徐福隻身漂泊異鄉,馬俊生是孤兒,美食成為維繫他們和孩子們的紐帶。徐福在龍餐館做的第一頓飯是正宗中餐。最後一頓是燴飯,食材簡單,炊具就地取材,唯一目的是讓孩子們吃飽。此刻,食物回到最初的意義,徐福也找回自己的本心。故事結尾,這道“上不了臺面”的燴飯,以“徐福燴飯”的名字被收進龍餐館菜單。食物,不僅僅是食物,它的背後還有故事——一個中國廚師曾舍命救過異國的孩子。故事裏有善意,有最樸素的人生觀和幸福觀。
記者:影片耐心講述戰爭之下普通人的遭遇和感受。廚師、前臺經理、戰爭遺孤、士兵,想媽媽、想結婚、想回家、想讓生活過得更好……細膩且日常。故事裏的人,最戳人心。
文牧野:其實我們大多數人都是普通人,沒有誰是天生的英雄。我的三部電影《我不是藥神》《奇跡·笨小孩》《歡迎來龍餐館》,説了同一件事:環境會改變人,你所處的時代、你的家庭環境、你的閱歷境遇,會左右你走向何方。

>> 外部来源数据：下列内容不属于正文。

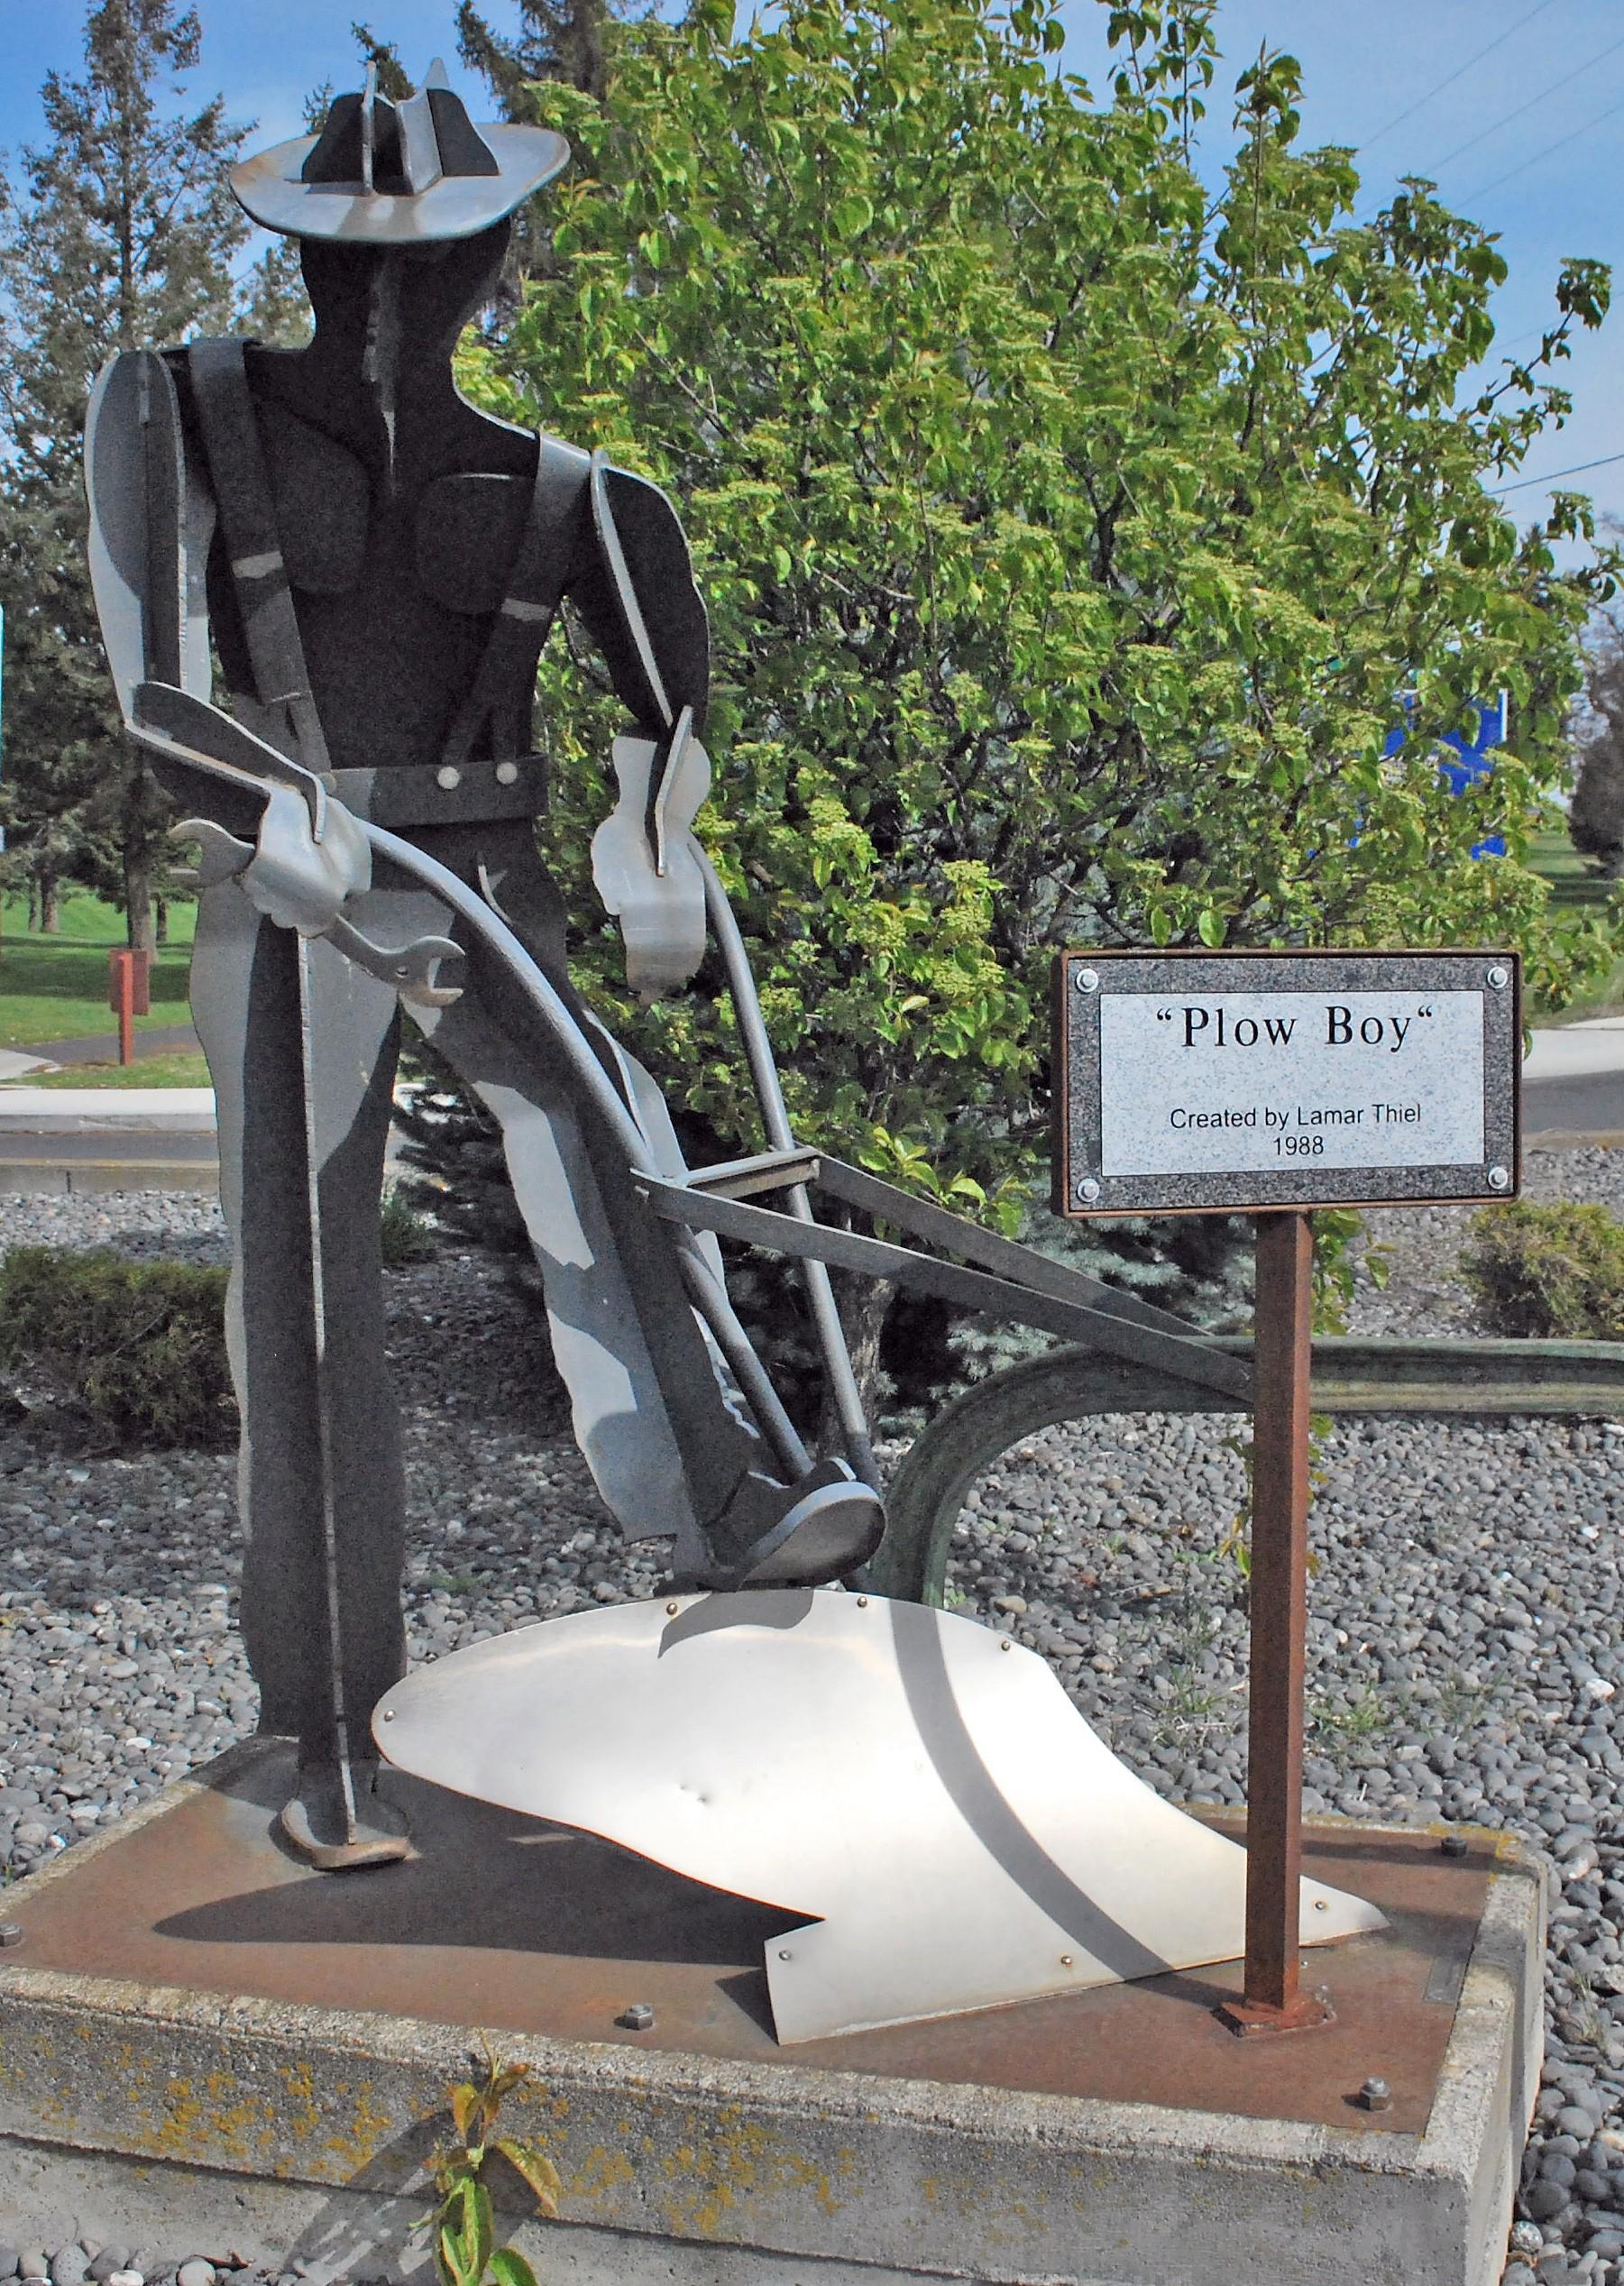 Plow Boy  - an early member of the Ritzville Heavy Metal Tour
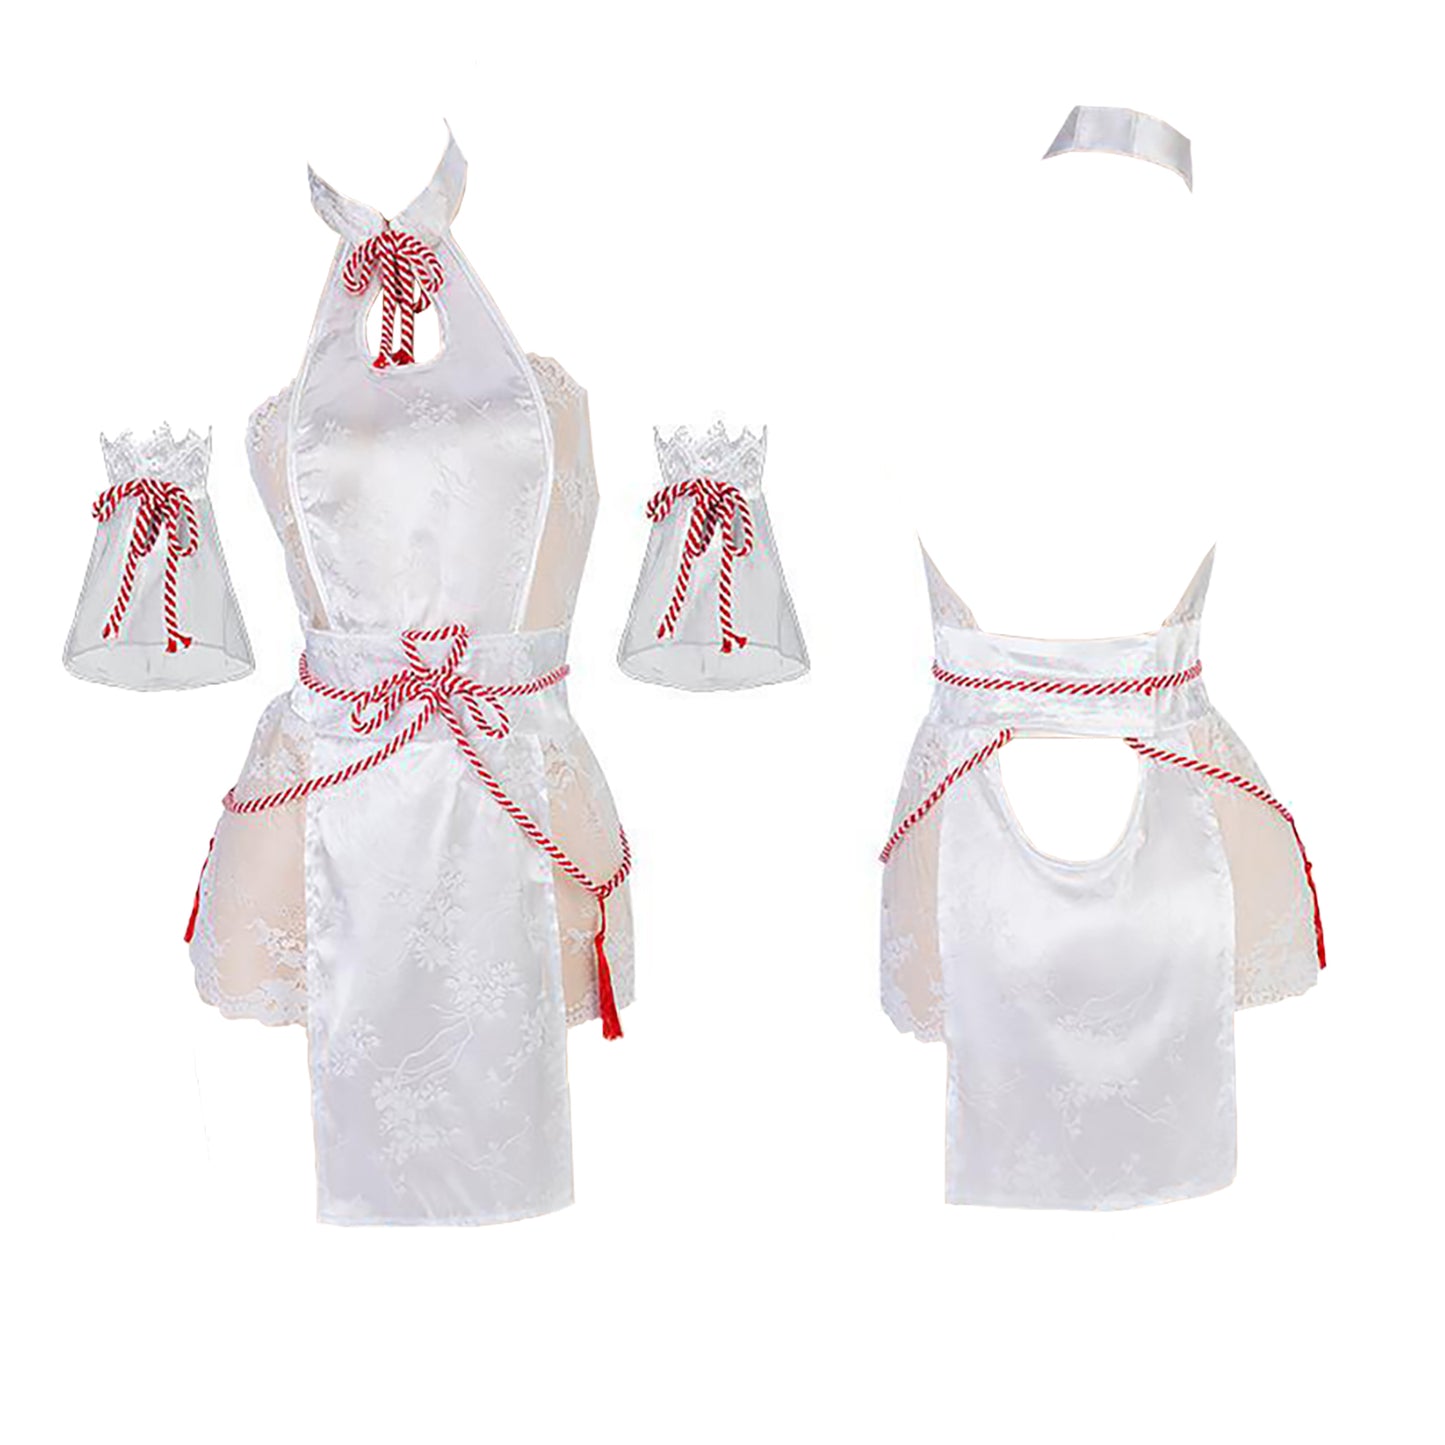 Yomorio Sexy Lace Chinese Style Lingerie Cosplay Costume White Backless Anime Dress

徐福和扎伊德曾經很像,但戰場上沒有僥倖。失去妻女的扎伊德,生命中只剩下復仇,他忘記了孩子們只是孩子;徐福心存僥倖,想借助戰爭發財,但也為此付出代價……“他們不是你的孩子”“那也是孩子”。這樣的對話在影片中出現了兩次,一次在馬俊生與徐福之間,一次在徐福與扎伊德之間。這裡的孩子,既指兒童,也指深陷戰爭中的每一個人。徐福救孩子,也是在救自己。
我希望《歡迎來龍餐館》是以人為本的作品。環境固然可能讓一個人變得複雜多面,但我相信人本性的善良和美好。在生死威脅面前瑟瑟發抖的普通人,也可以成為庇護孩子的“父親”、捨己救人的英雄。徐福、馬俊生對孩子們的關懷是出於同樣為人的同理感,他們舍命救孩子是不由自主的行為。
記者:《歡迎來龍餐館》採用現實主義的創作手法,如何把握真實與虛構的分寸?
文牧野:正向價值的傳遞必須真誠,不能虛假。作品唯有更現實,才可能立得住,傳達出的能量才可能強烈。情節未必都是現實中存在的,但人物在片中的訴求不懸浮,觀眾才感到熟悉,看得進去;反之,拍得像紀錄片一樣真實,卻與觀眾的生活距離很遠,大家也會覺得不真實。這個故事設定在20年前,但我不想局限于某一場戰爭,觀眾可以理解為這是一個關於戰爭與人的故事,它可能發生在過去,也可能正在進行。
人物和故事,始終是電影的內核。任何時代,觀眾對於美好、正義和崇高的判斷,不會有本質性區別,真誠的情感總是共通的。我為什麼要拍電影?用我們的文化去表達這些共通的情感,讓更多人産生共鳴;用電影的方式,講述心靈的豐富性、人生的可能性,拍若干年後回看也不會有太多遺憾的作品,是我的小小訴求。